[Given entries Boundary: Start]

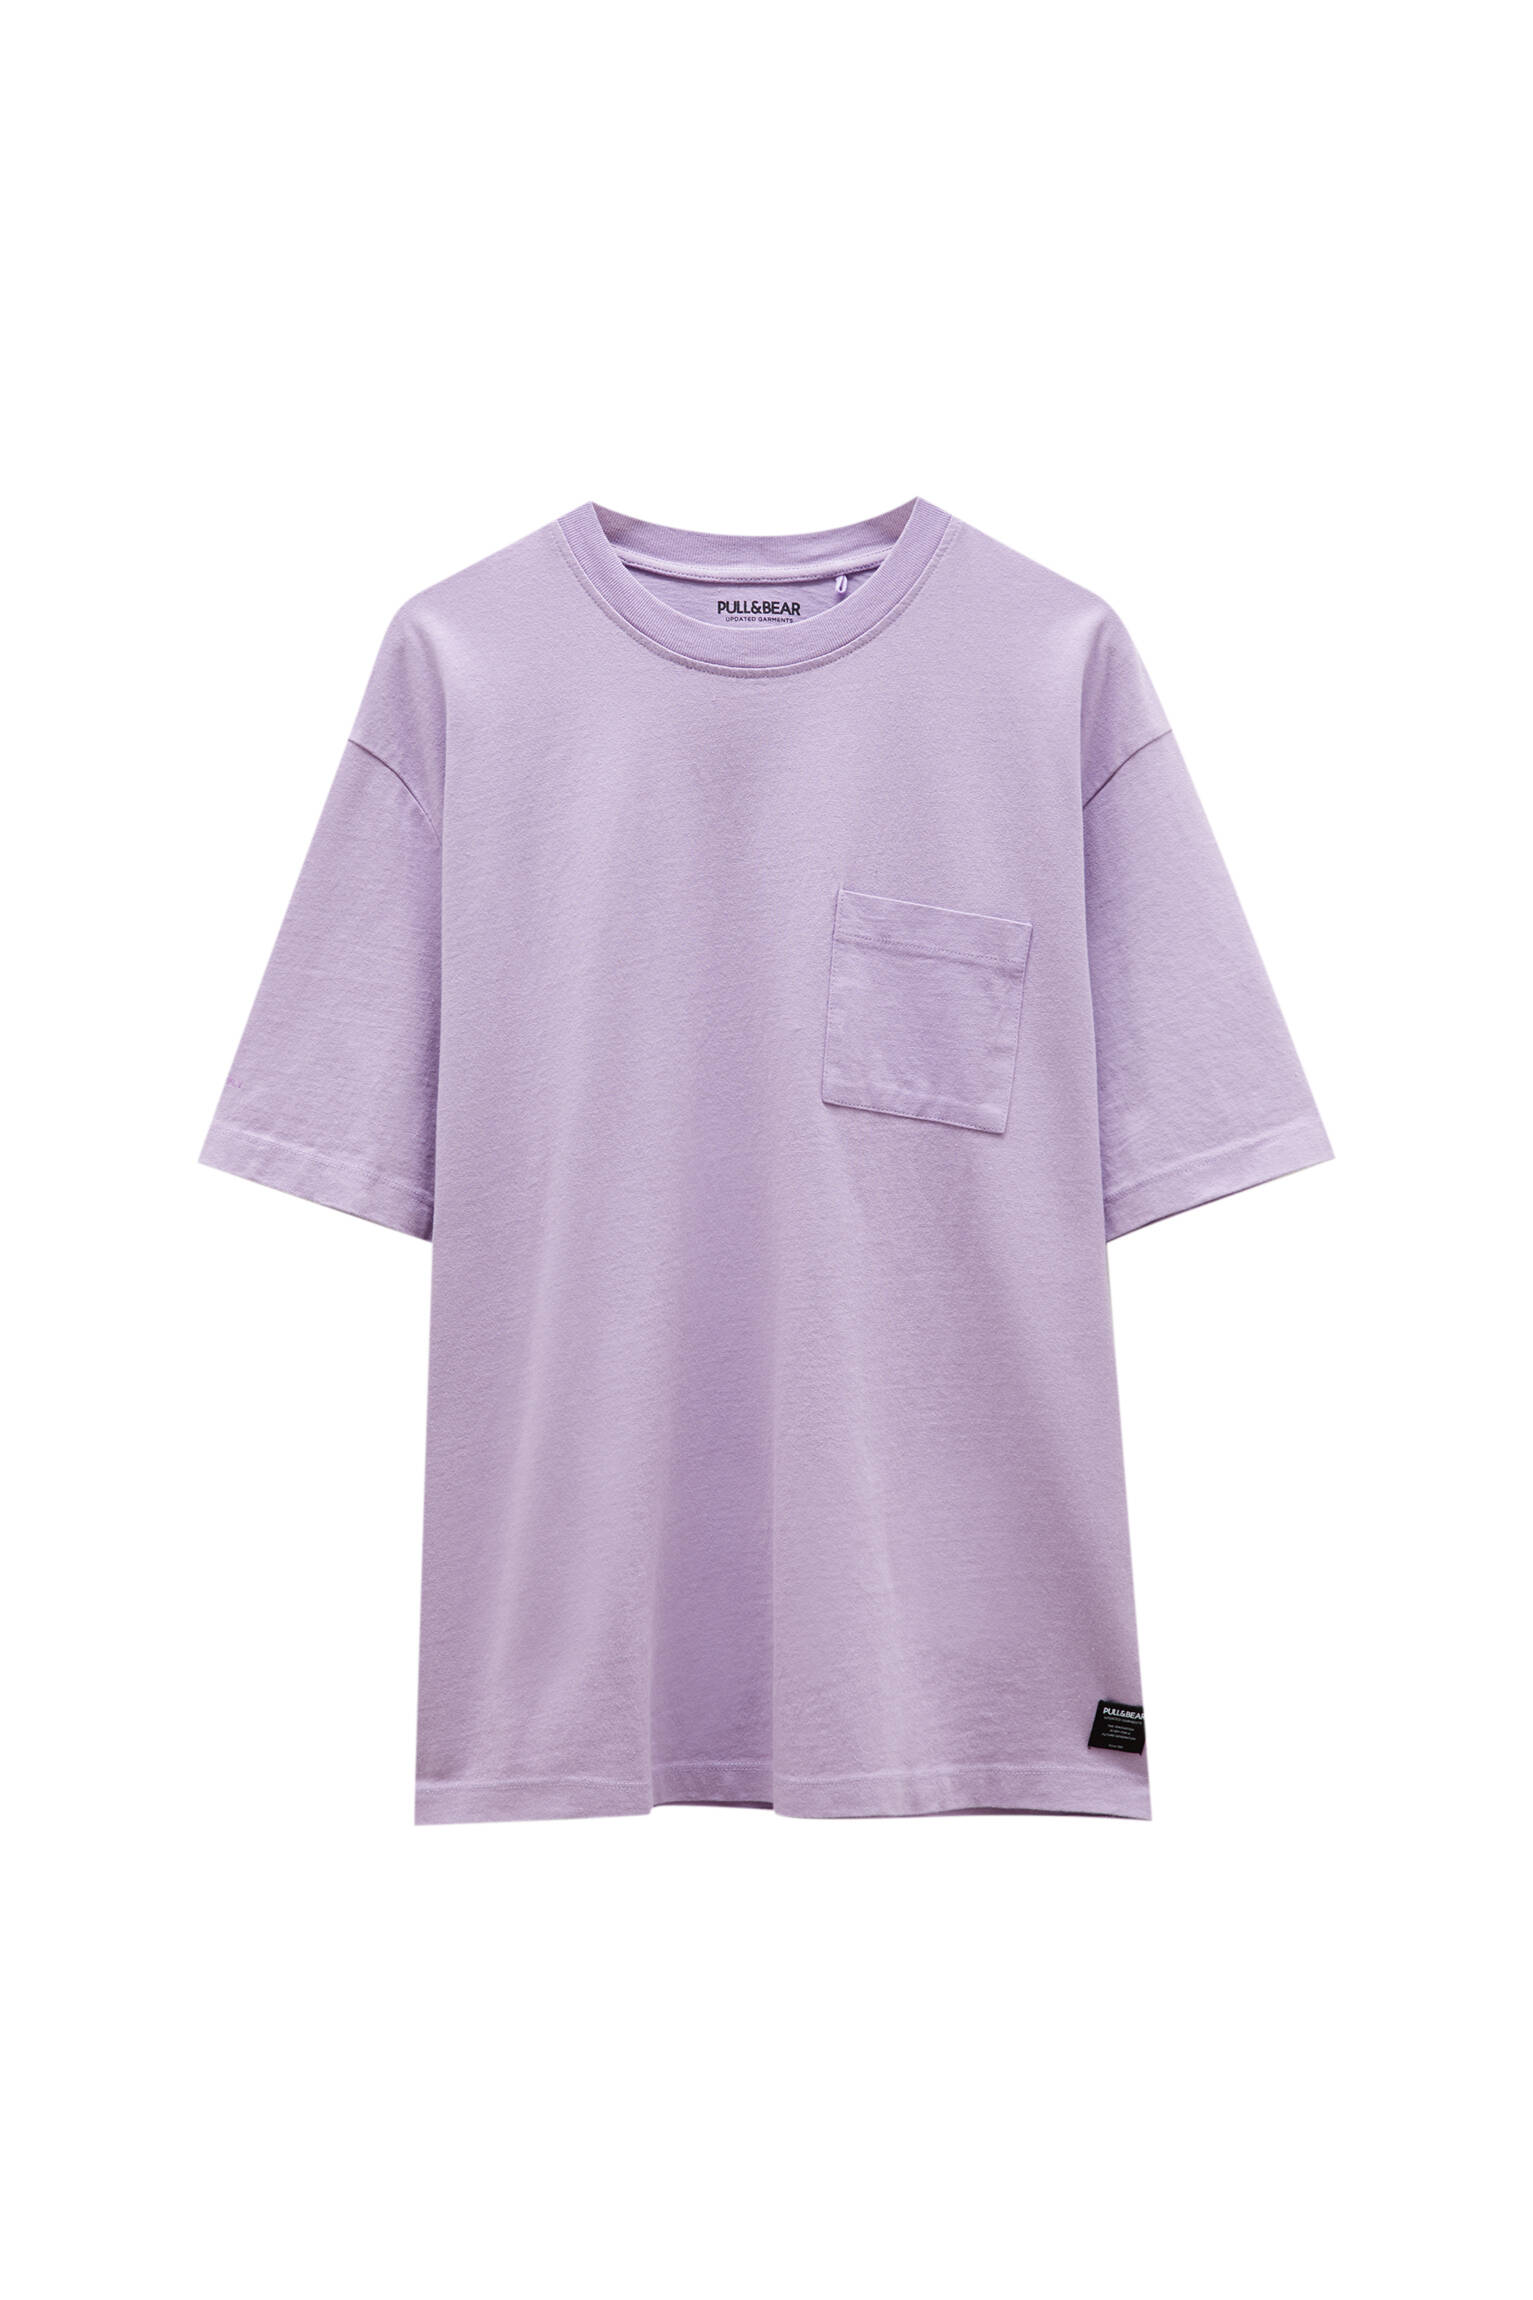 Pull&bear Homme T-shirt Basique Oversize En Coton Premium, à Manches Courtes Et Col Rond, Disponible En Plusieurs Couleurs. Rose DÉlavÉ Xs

[Given entries Boundary: End]
[Given entries Boundary: Start]

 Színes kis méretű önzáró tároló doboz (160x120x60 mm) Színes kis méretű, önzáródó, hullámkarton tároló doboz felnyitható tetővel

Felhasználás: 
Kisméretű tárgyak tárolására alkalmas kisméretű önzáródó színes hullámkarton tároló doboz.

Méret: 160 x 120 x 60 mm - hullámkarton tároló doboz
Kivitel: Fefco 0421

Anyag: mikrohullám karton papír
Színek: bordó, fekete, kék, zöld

[Given entries Boundary: End]

- **Problem requirements**:
Only the lines containing the string "hullámkarton" are needed; pull them out of the records.

- **Output below**:
 Színes kis méretű önzáró tároló doboz (160x120x60 mm) Színes kis méretű, önzáródó, hullámkarton tároló doboz felnyitható tetővel
Kisméretű tárgyak tárolására alkalmas kisméretű önzáródó színes hullámkarton tároló doboz.
Méret: 160 x 120 x 60 mm - hullámkarton tároló doboz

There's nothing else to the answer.